New Criteria for 0D/1D Knock Models to Predict the Knock Boundary for Different Gasoline Fuels 2021-01-0377

As engine knock limits the efficiency of spark ignition engines and consequently further reduction of CO₂ emissions, SI engines are typically designed to operate at the knock boundary. Therefore, a precise knock model is necessary to consider this phenomenon in an engine process simulation. The basis of the introduced 0D/1D knock model is to predict when the unburnt mixture auto-ignites, since auto-ignitions precede knocking events. The knock model further needs to evaluate the auto-ignition, because not every auto-ignition results in engine knock.

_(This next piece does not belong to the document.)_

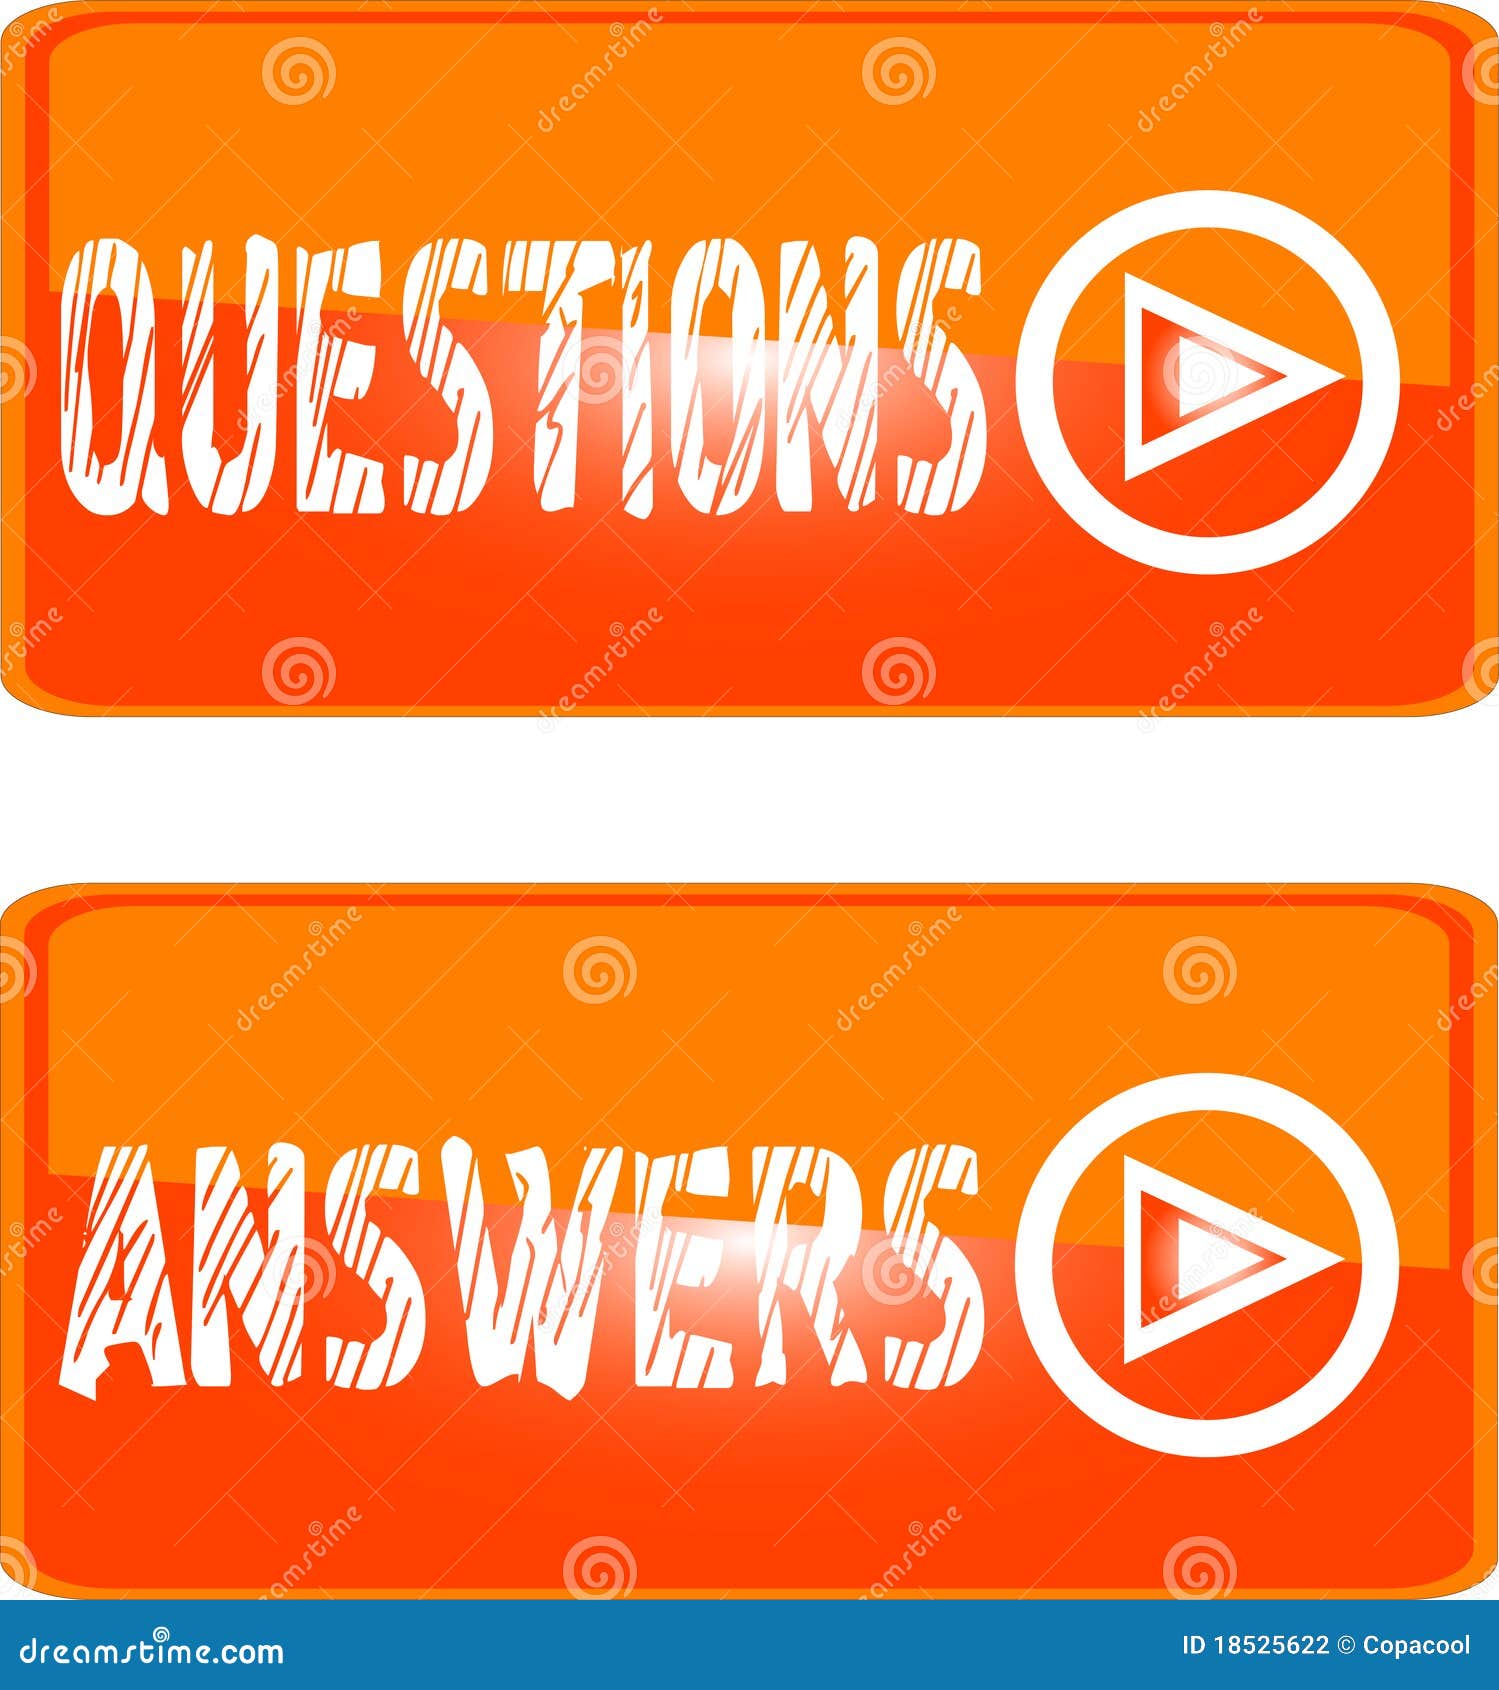 questions and answers quotes

As the introduced model’s prediction of the auto-ignition onset is already validated at extensive variations of operating conditions, this publication focusses on its evaluation. For this, two new, independent criteria are developed that take the pre-reactions of the unburnt mixture before the start of combustion into account to calculate a respective threshold for the auto-ignition onset at the knock boundary. In simulations, the operating point’s center of combustion is advanced until the 0D/1D knock model predicts an auto-ignition that occurs before its calculated threshold. For validation, the point where 50% of the mass is burned (MFB50) of this simulated operating point is compared to the MFB50 of the corresponding measured average working cycle at the knock boundary. To ensure a wide-ranging validation of the model, the measurement data cover extensively varied operating conditions like different engine configurations and gasoline fuels, varying compression ratio, turbulence, injection, EGR, wall temperature as well as engine load and speed. Although each introduced criterion is calibrated at only two operating points, the respective new 0D/1D knock model can predict the MFB50 at the knock boundary of the stated broad variations very precisely with a standard deviation below 2 °CA. Consequently, both new, independent criteria clearly improve the knock model and help to improve the development of SI engines in 0D/1D simulation.